Evan Prodromou at 2013-08-31T21:14:48Z

My files

So, I have 4 laptops that I've used at various times over the last 5 years. I want to sell off most of them, but I want to make sure I don't have any files on any of them that I lose.

I've got backups of each, but I don't want to keep around hundreds of gigs of backup for a computer I haven't used in years, just so 5 unique files are still around. I only backup volatile files in /var/ /etc/ /usr/local/ /opt/ and of course /home/, but it's still a lot of data.

So I'd like to identify files that are unique to each computer. Here's how I'm doing it:
  1. For each host, I create a file of SHA2 sums. I'm trying to move away from MD5 sums, although they're probably fine for this application. I use GNU Parallel to keep things going quickly; I think for compute-intensive jobs like crypto sums this makes sense.

    find $BACKUPDIR -type f -print0 | parallel -q0 --gnu sha224sum > ~/tmp/${HOSTNAME}_sha224sums.txt

  2. For each host, I make a sorted, uniq'd file of just the sums:

    cut -f1 -d" " ~/tmp/${HOSTNAME}_sha224sums.txt | sort | uniq > ~/tmp/${HOSTNAME}_justsums.txt

  3. I have one computer that's my most recent that I want to keep. So I use "comm" to find checksums that are on other computers that aren't available on that computer:

    comm -13 ${KEEPER}_justsums.txt ${HOSTNAME}_justsums.txt > ${HOSTNAME}_uniquesums.txt

    Technically these aren't actually unique; they're just not on the keeper computer.

  4. Finally, I convert the unique sums into filenames by referencing the original sums file:

    for cs in `<~/tmp/${HOSTNAME}_uniquesums.txt`; do grep -m1 $cs ~/tmp/${HOSTNAME}_sha224sums.txt | cut -f3 -d" " >> ~/tmp/${HOSTNAME}_uniquefilenames.txt; done

  5. From there, I sort the unique filenames and then manually (!!) decide what to copy to the "keeper" computer. The signal-to-noise ratio is too low for me to do much automation, except for when I have a directory that I can rsync over in total.
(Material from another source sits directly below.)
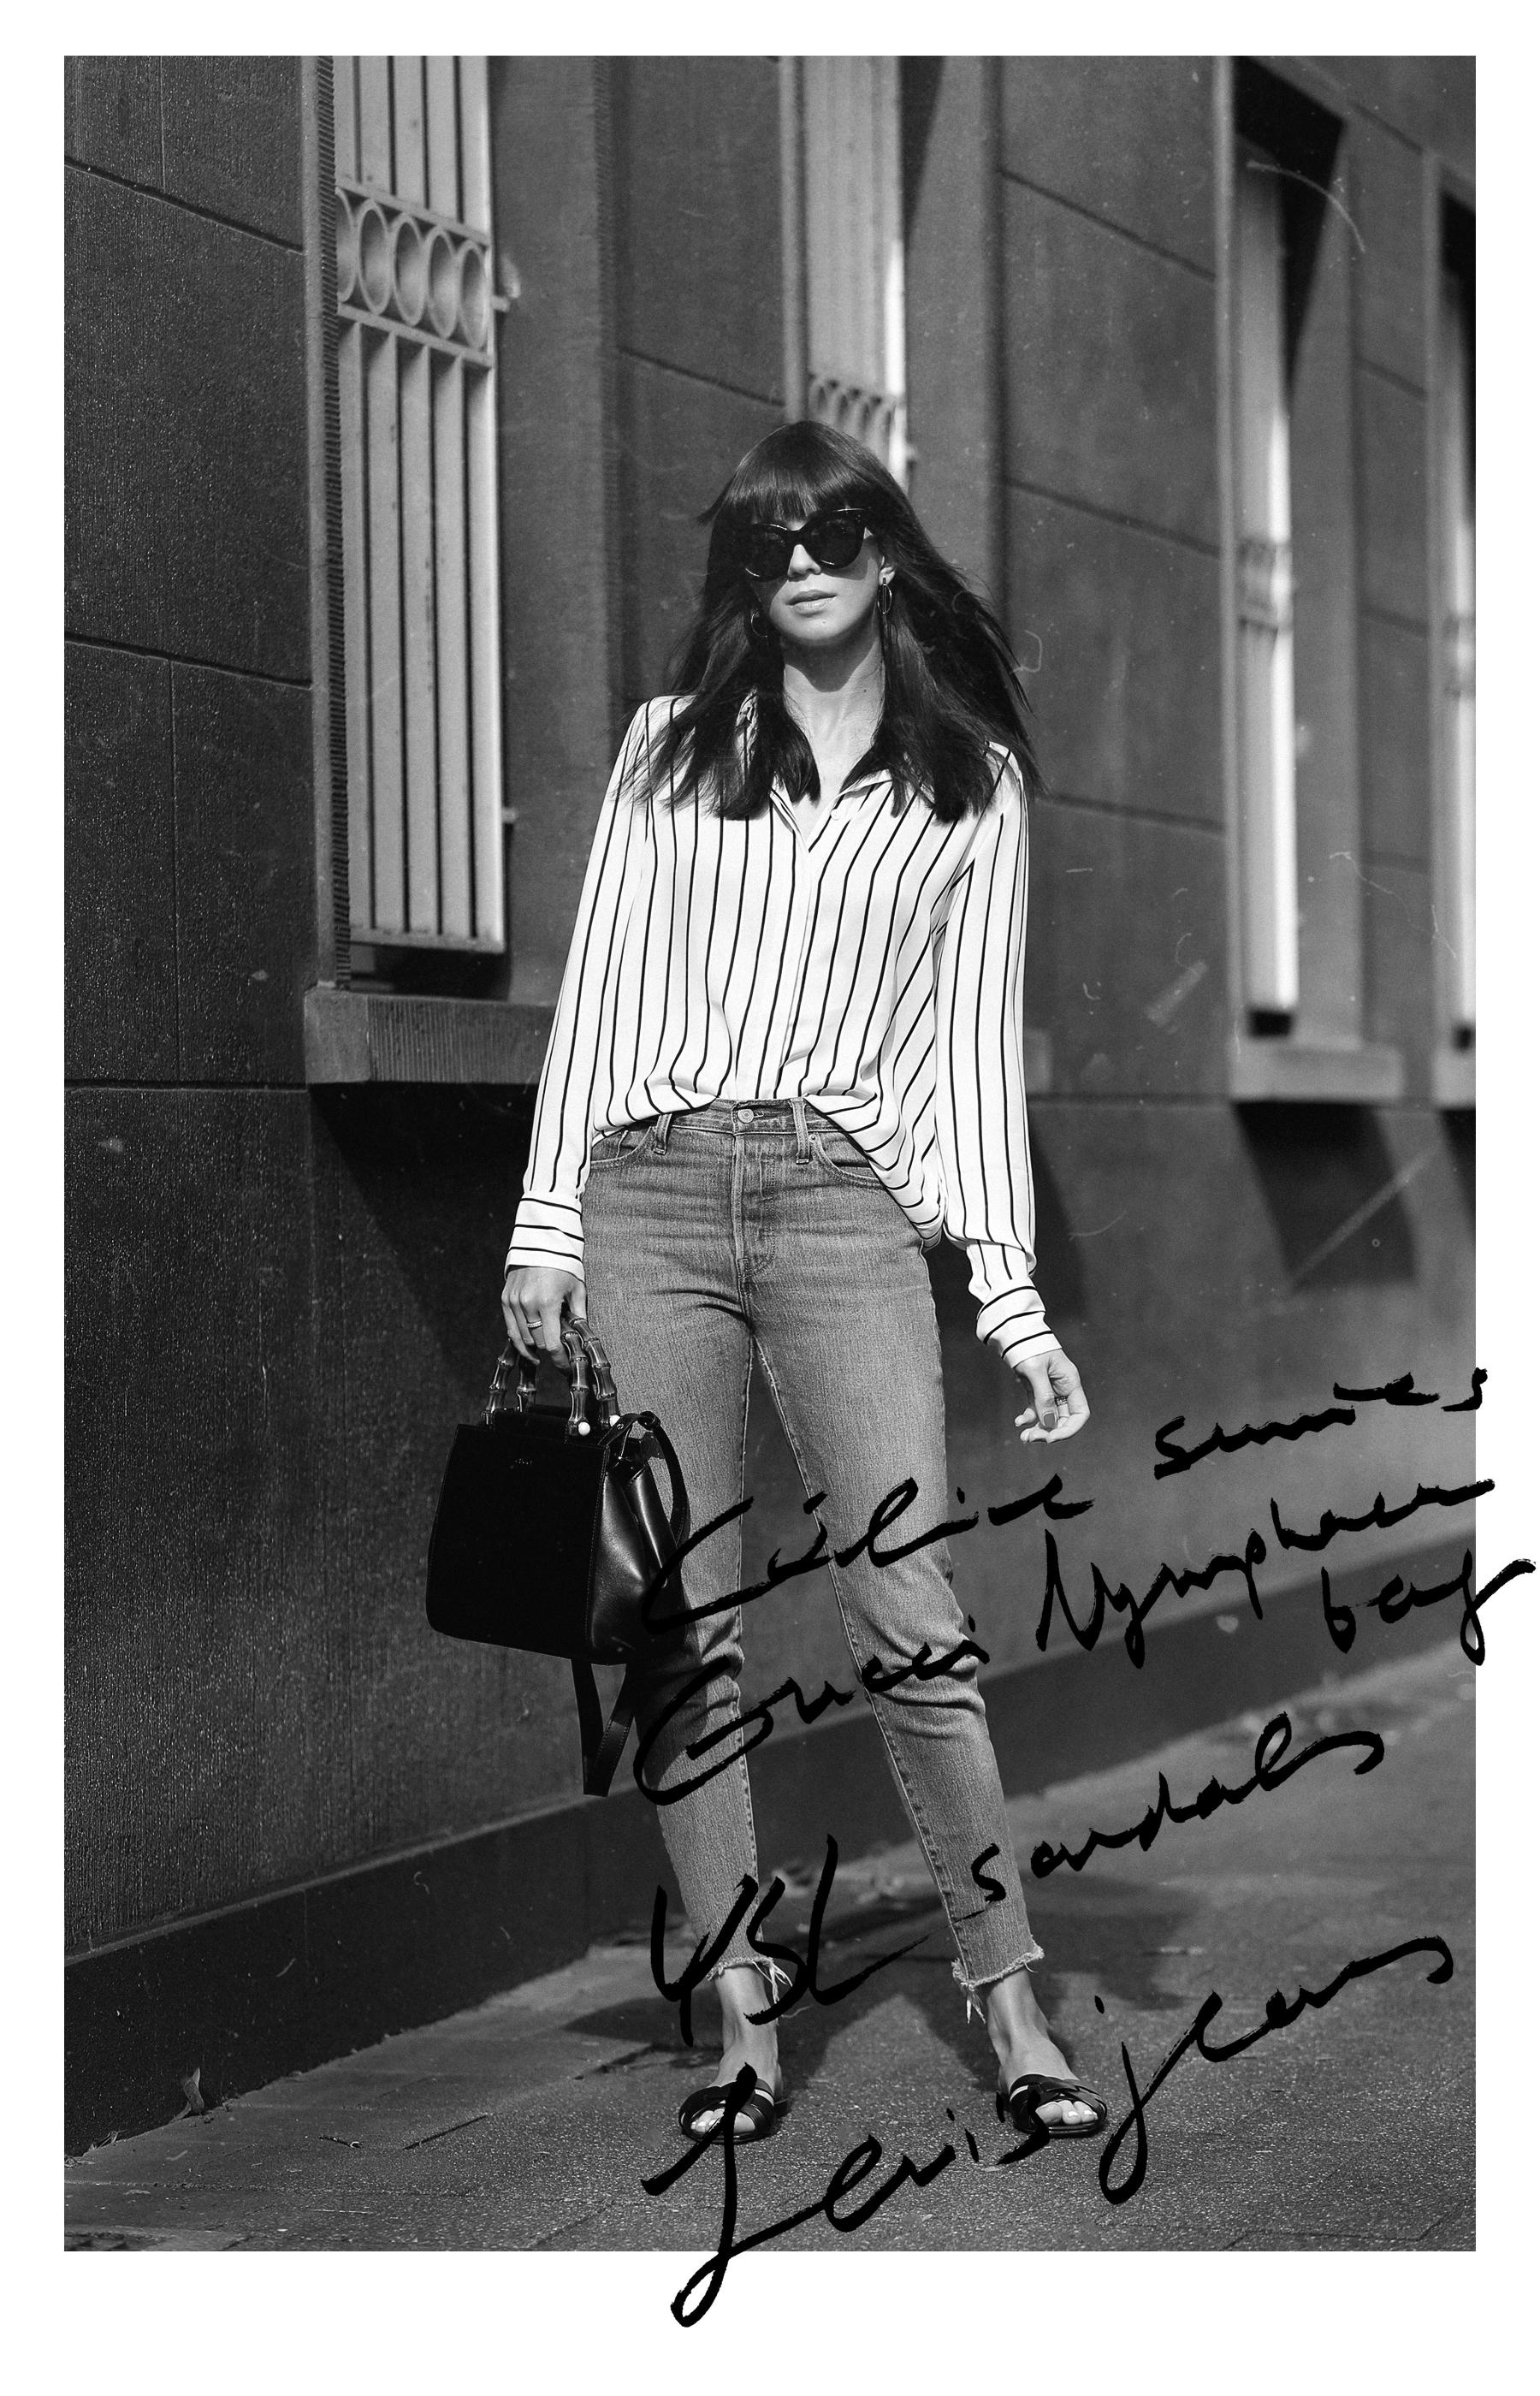 stripe blouse gucci nymphaea bag bamboo ysl saint laurent sandals slipper levi's jeans céline audrey sunglasses spring outfit minimal parisienne chic brunette bangs madame ricarda schernus cats&dogs blog modeblogger ootd outfitblogger düsseldorf 6

    There are just a ton of files that are too useless to copy - temp files, dot files, etc.
I'd like to get to the point where I keep most of my stuff on sync'd storage using SparkleShare or git-annex, and most other stuff on hosted git servers like gitorious.org or github.com.

How do you keep multiple laptops in sync?

Eugene Mah, Mark Jaroski, Sarven Capadisli, Susan Pinochet and 7 others likes this.

Olivier Mehani, Evan Prodromou shared this.

Show all 14 replies
No love for fdupes? I'm with moggers87. I buy one laptop, put it under very aggressive on-site repair warranty, replace it by selling it on ebay when the warranty expires. I backup files on an external HD or in the "cloud." 

D A C at 2013-09-04T16:39:27Z

rozzin, Evan Prodromou likes this.

Dear Evan,

Sorry for writing you this way, but I'm not able to write you a direct note. Would it be possible to delete my Identica - Account (praetoriuss@identi.ca)?

Regards, praetoriuss

Martin S. at 2013-10-10T10:31:04Z

i like to know myself :)

raito at 2015-04-26T06:07:29Z